### Exercise description
Return nothing but the lines from the one with "Swarovski Swarovski Symbolic" through the one with "軽快なビートに切ない雰囲気のHIphopの未再生の波形" in the data below, word for word and without pictures.

### Excerpted records
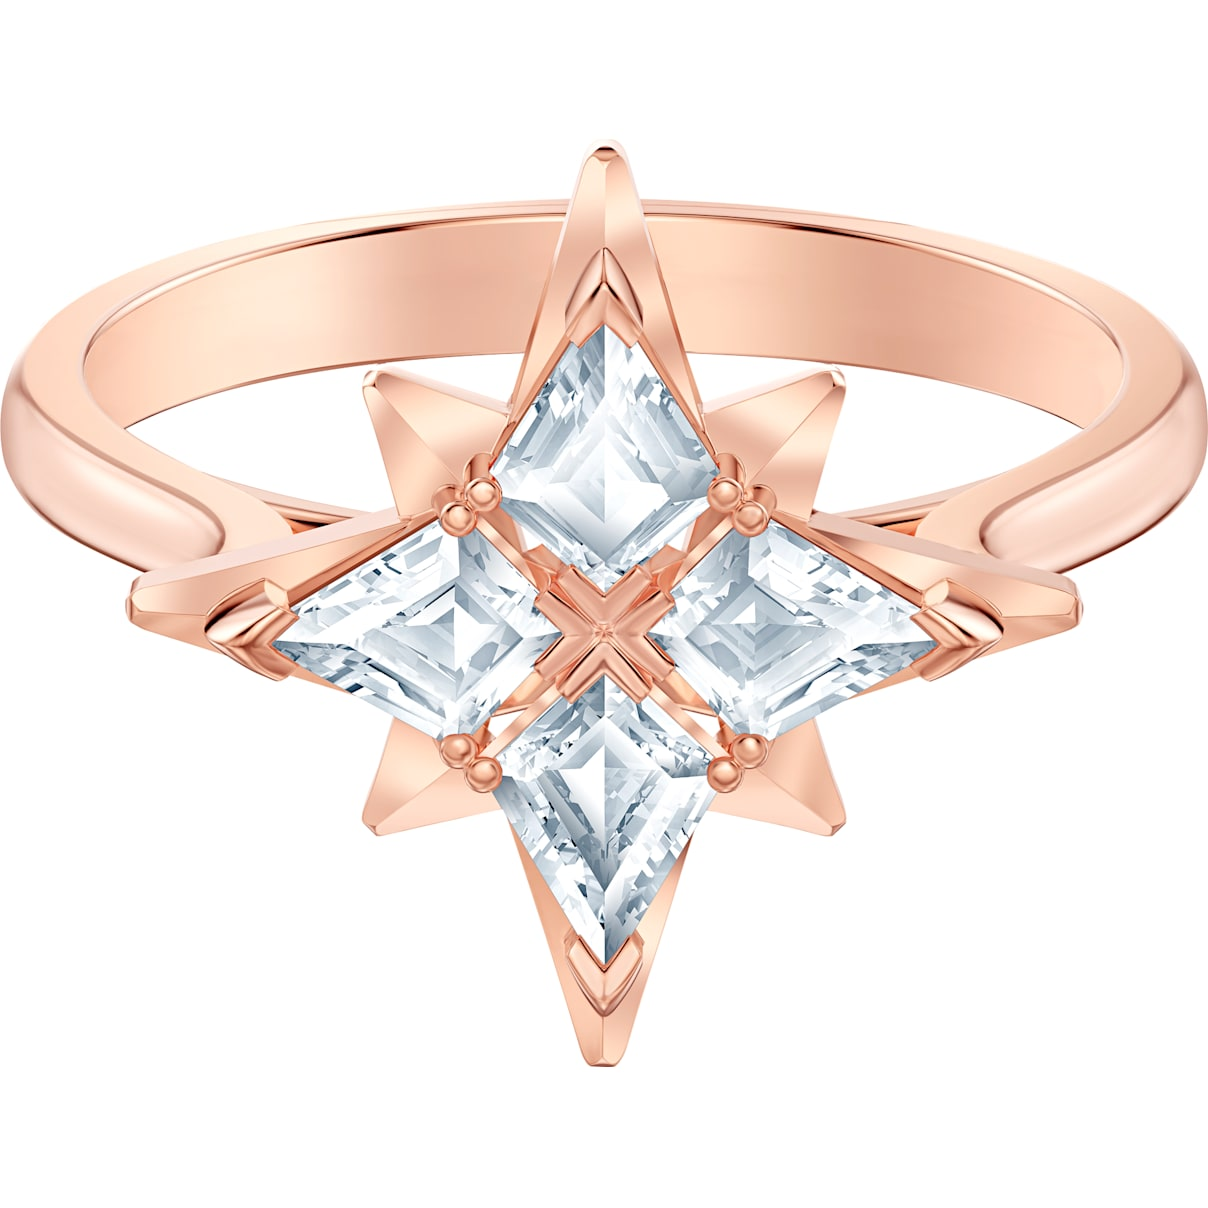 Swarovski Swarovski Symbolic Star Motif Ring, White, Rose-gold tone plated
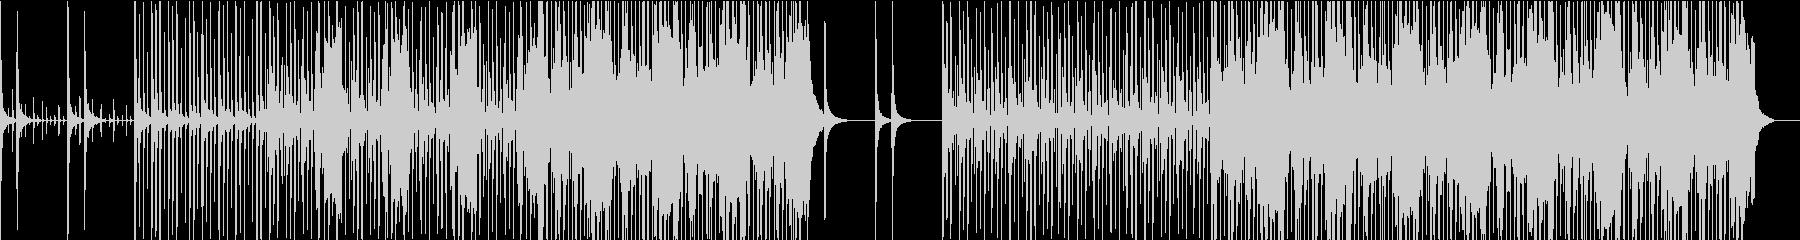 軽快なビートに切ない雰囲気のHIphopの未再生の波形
---
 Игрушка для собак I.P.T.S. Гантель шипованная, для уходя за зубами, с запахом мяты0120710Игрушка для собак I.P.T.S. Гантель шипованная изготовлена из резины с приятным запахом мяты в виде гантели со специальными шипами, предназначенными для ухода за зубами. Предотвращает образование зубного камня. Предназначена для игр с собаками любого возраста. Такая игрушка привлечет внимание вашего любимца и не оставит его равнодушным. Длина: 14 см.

### Output of the task
 Swarovski Swarovski Symbolic Star Motif Ring, White, Rose-gold tone plated
 軽快なビートに切ない雰囲気のHIphopの未再生の波形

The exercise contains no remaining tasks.